Solution #5: Use Digital to Connect Your Analog World

Finally, you can use digital means to leverage analog tactics to gain a captive audience. I’m speaking specifically about in-person or face-to-face events, but also about digital equivalents like Twitter Chats or Online Conferences. Events generally provide an unparalleled ability to connect you to an audience and, in some sense, hold them captive in a way you can’t do in any other medium. Content Marketing Institute’s (CMI) recent benchmark study rated in-person events as the most effective marketing tactic for 6 years in a row. In fact, the recent 17-million-dollar acquisition of CMI was largely an “event” acquisition. According to Joe Pulizzi, CMI was making over 5 million dollars on Content Marketing World alone. Events, like mobile, deliver phenomenal results for content marketers and when you use mobile in conjunction with your events, the results are explosive.
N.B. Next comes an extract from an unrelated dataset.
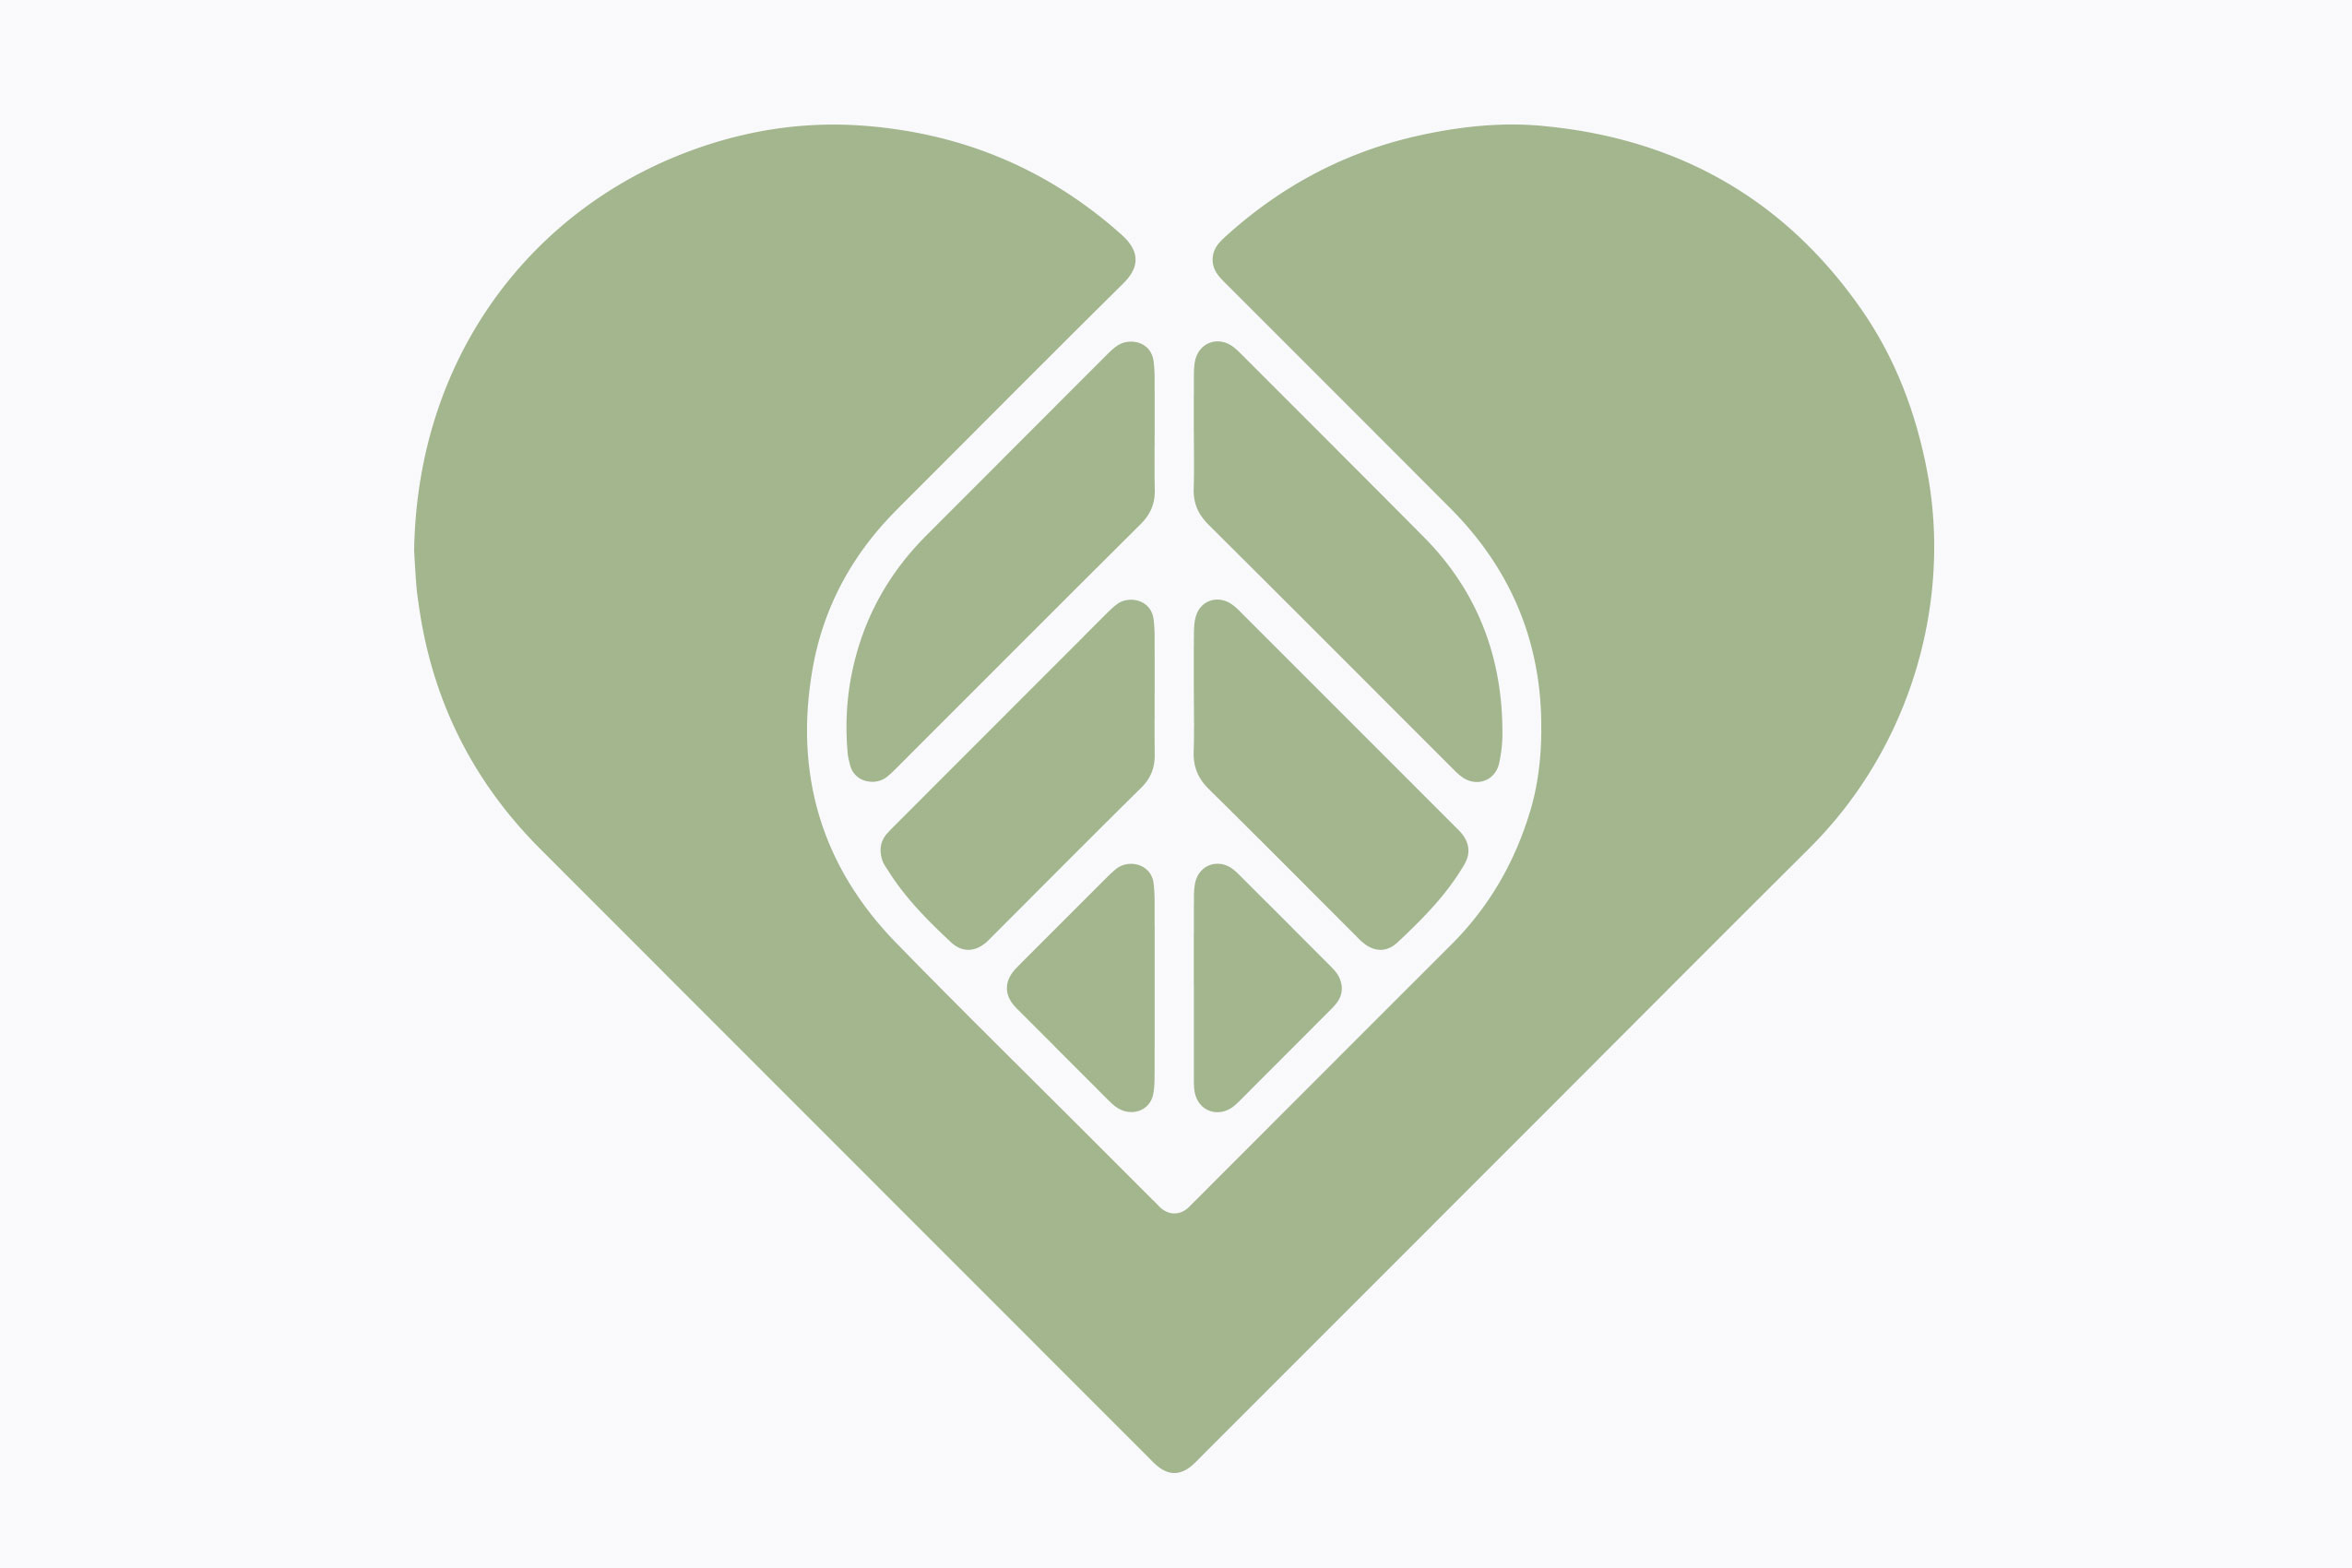 ghs-logo-leaf-green-white

Ultimately, social media is closing, making it increasingly more difficult for content marketers to get their content to their audiences. It’s time to get out of denial about this and face up to the sobering reality that now or in the very near future, social media will be pure pay-to-play and to start executing tactics now to help you regain the loss of your rapidly disappearing organic reach. I’ve presented 5 possible solutions here, some of which can be used together. These techniques are powerful ways you can get and keep your audience and stop depending on unpredictable, diminishing audiences.

So what do you think? Is social closing? And if so, what are some tips you think will help?